I had this vision in my mind about how I was gonna get my workouts in this summer. I have to get up early to get boylie on the bus for summer school, so I could squeeze a morning workout in just as I did when the kids were in school. Right? Of course not. For some reason, my brain has figured out that we’re on a summer schedule here, and is putting the brakes on any early exercise dreams I had. My backup plan, was to get two workouts in during girlie’s cross country camp sessions. We signed up for six weeks. Two nights a week we head over to get a walk/run in. Except it’s been two weeks and we’ve gone twice. Why? BECAUSE IT’S RAINING. Almost every.single.day.
I’ve been skipping my morning workouts figuring I’d get a workout in at camp. And then camp gets cancelled, and it’s getting later and I’m notsogood at fitting it in later. And now, my poor girlie has hurt her foot, and we may be skipping this week (at least) to give it some rest. So I’m back to fitting those workouts in bright and early. But it’s sooooo haaard. (cue violin music)
The scale has not been kind to me. It’s not going up so much but it’s not going down either. But let’s face it, I haven’t been putting in as much effort as I should. I’m struggling. I read this today and it totally nailed my struggle right now. Do I keep obsessing over the stupid number on the scale? Even though I know I feel a thousand times better than I have in a long time. Or do I accept where I am, and just let things happen as they may, as long as it takes, just living my life. My clothes fit. I don’t cringe when I see my reflection.

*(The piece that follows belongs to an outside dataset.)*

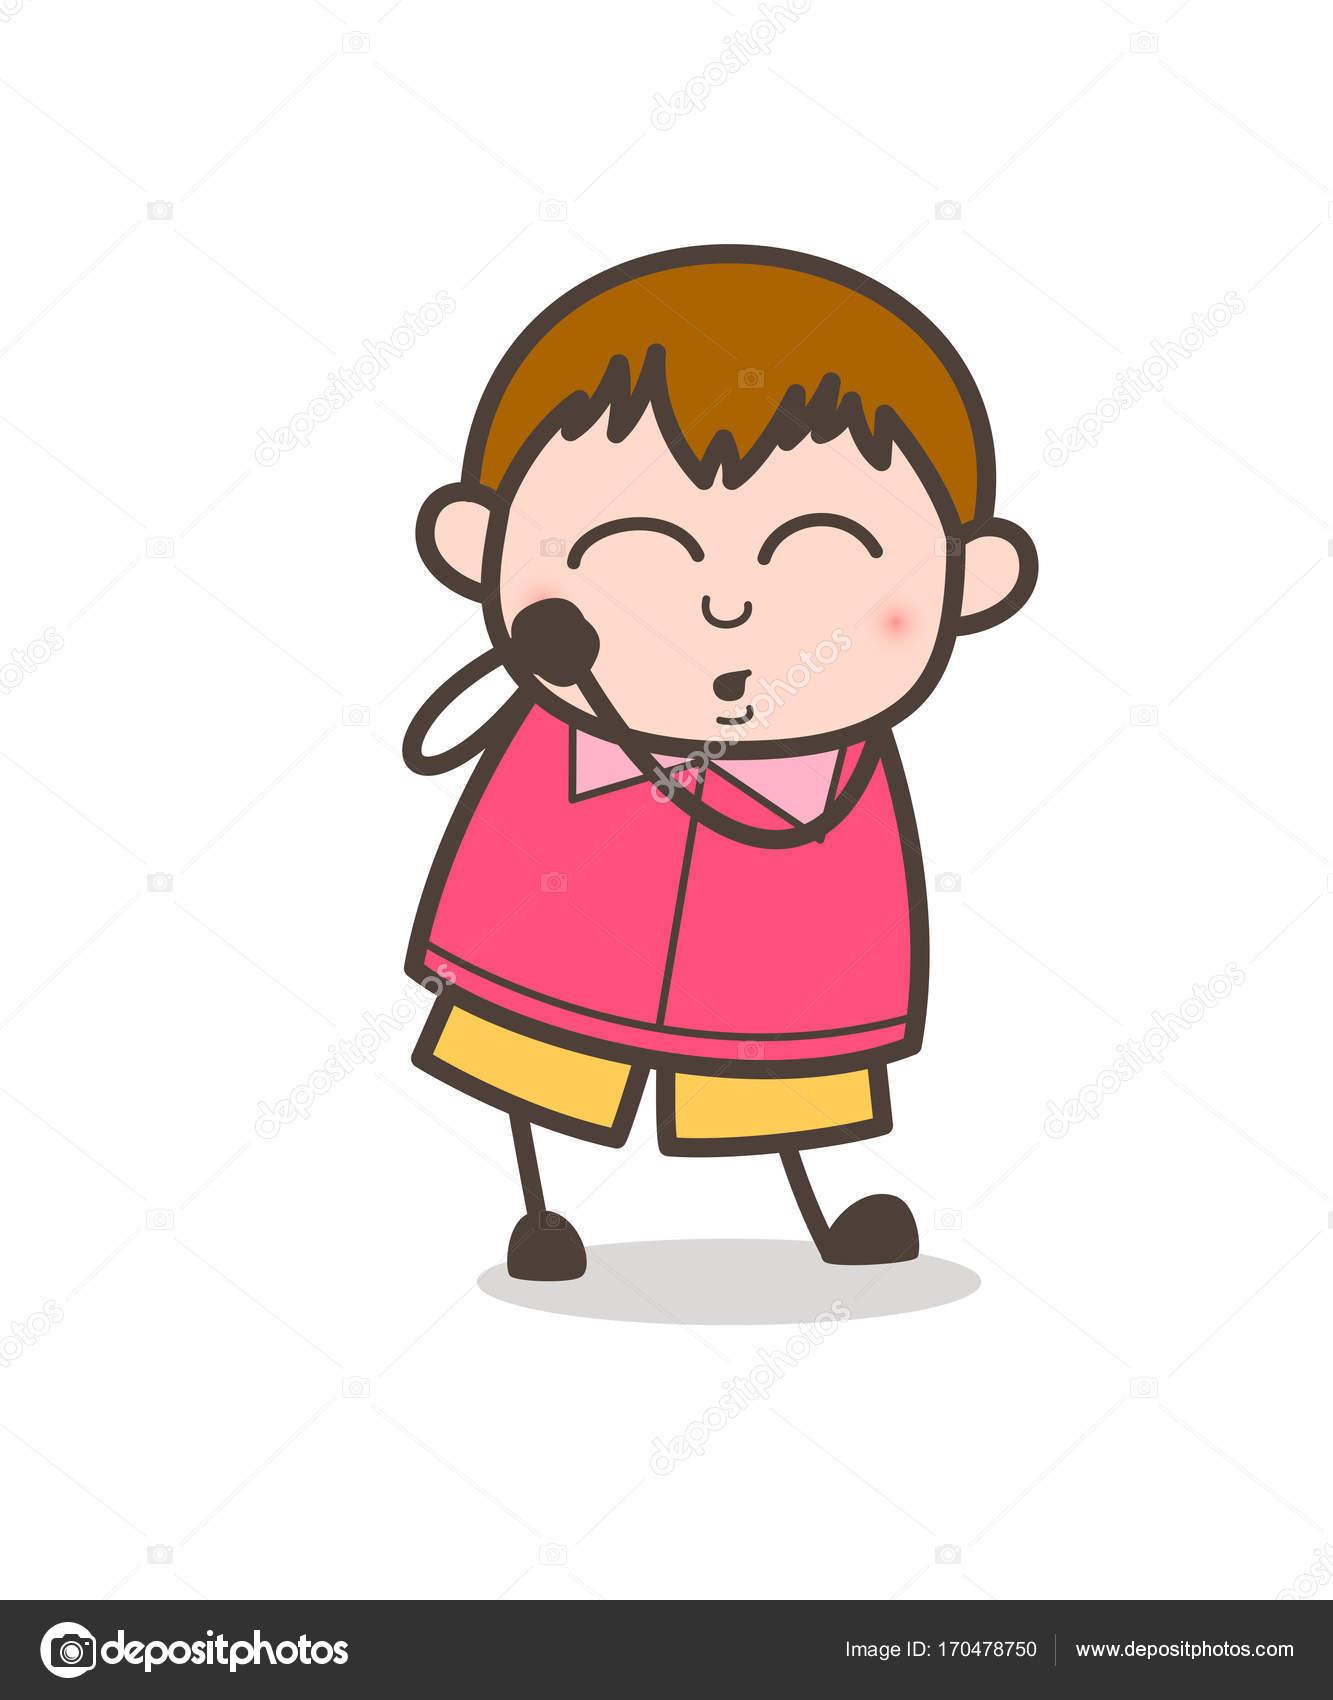 Feeling Lovely Expression - Cute Cartoon Fat Kid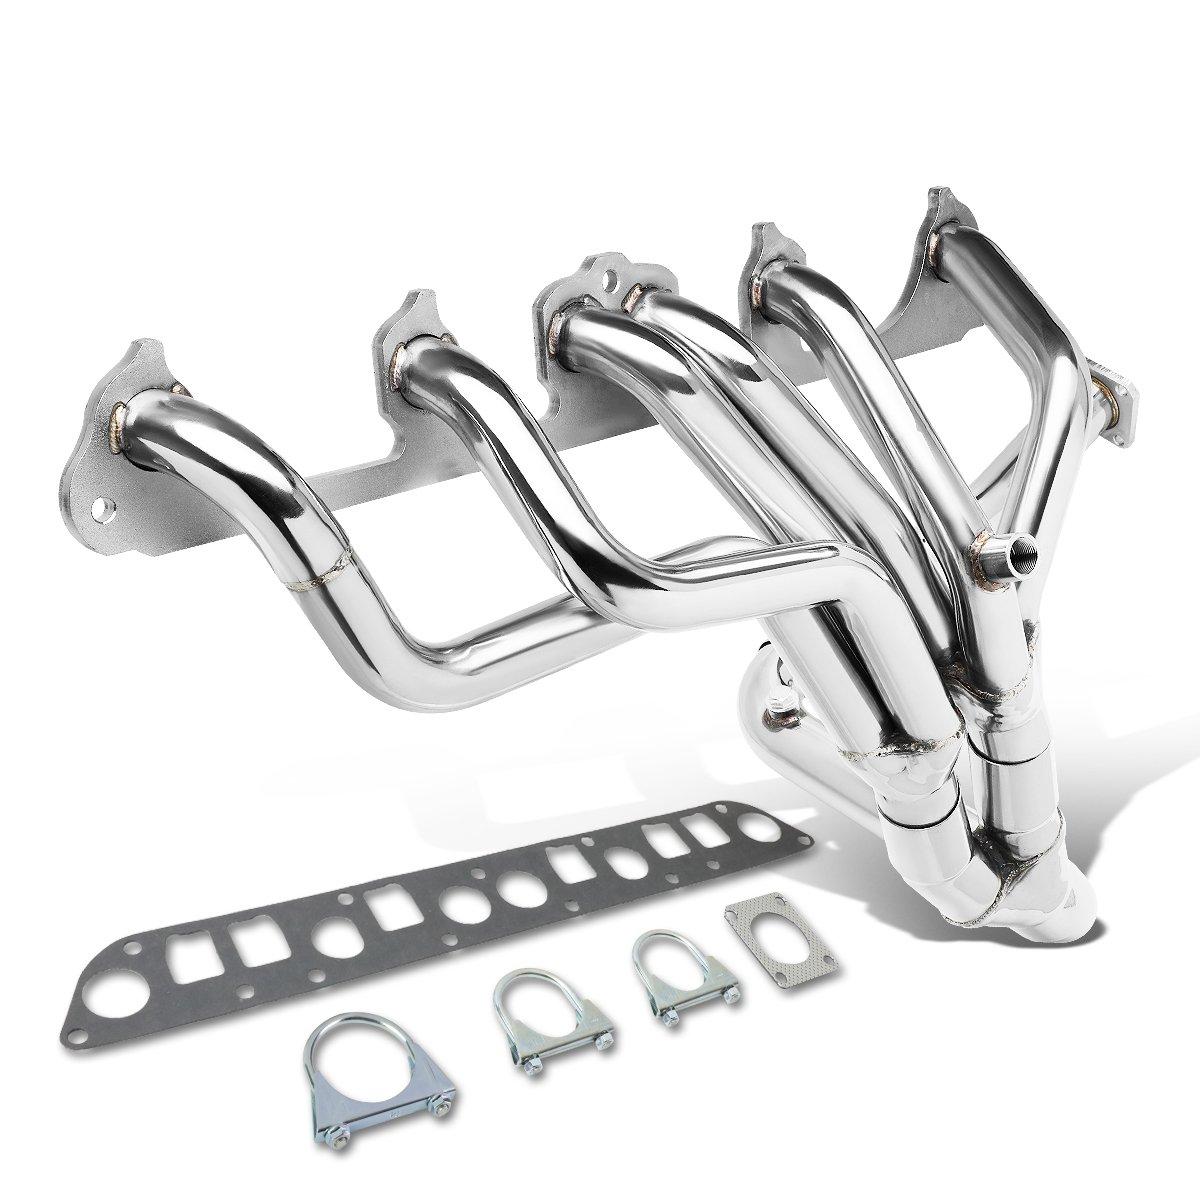 DNA Motoring HDS-T88-JCH87+Y Tri-Y Tubular Manifold Exhaust Header 87-93 Jeep Wagoneer

I can climb stairs without losing a lung. All good things, right? The more I obsess, the more disappointed I get, and when I get bummed out the goldfish crackers start to disappear rapidly.
I don’t know how long it’s gonna take to get to that elusive “goal.” And what does it matter, anyway? Do I stop taking care of myself altogether once I get there? Nope. So what difference does it make? Grrrrr.
I’ll say one thing for sure. When I finally do get to my goal, I’m gonna kick ass at the maintenance part. I’ve been maintaining like a badass.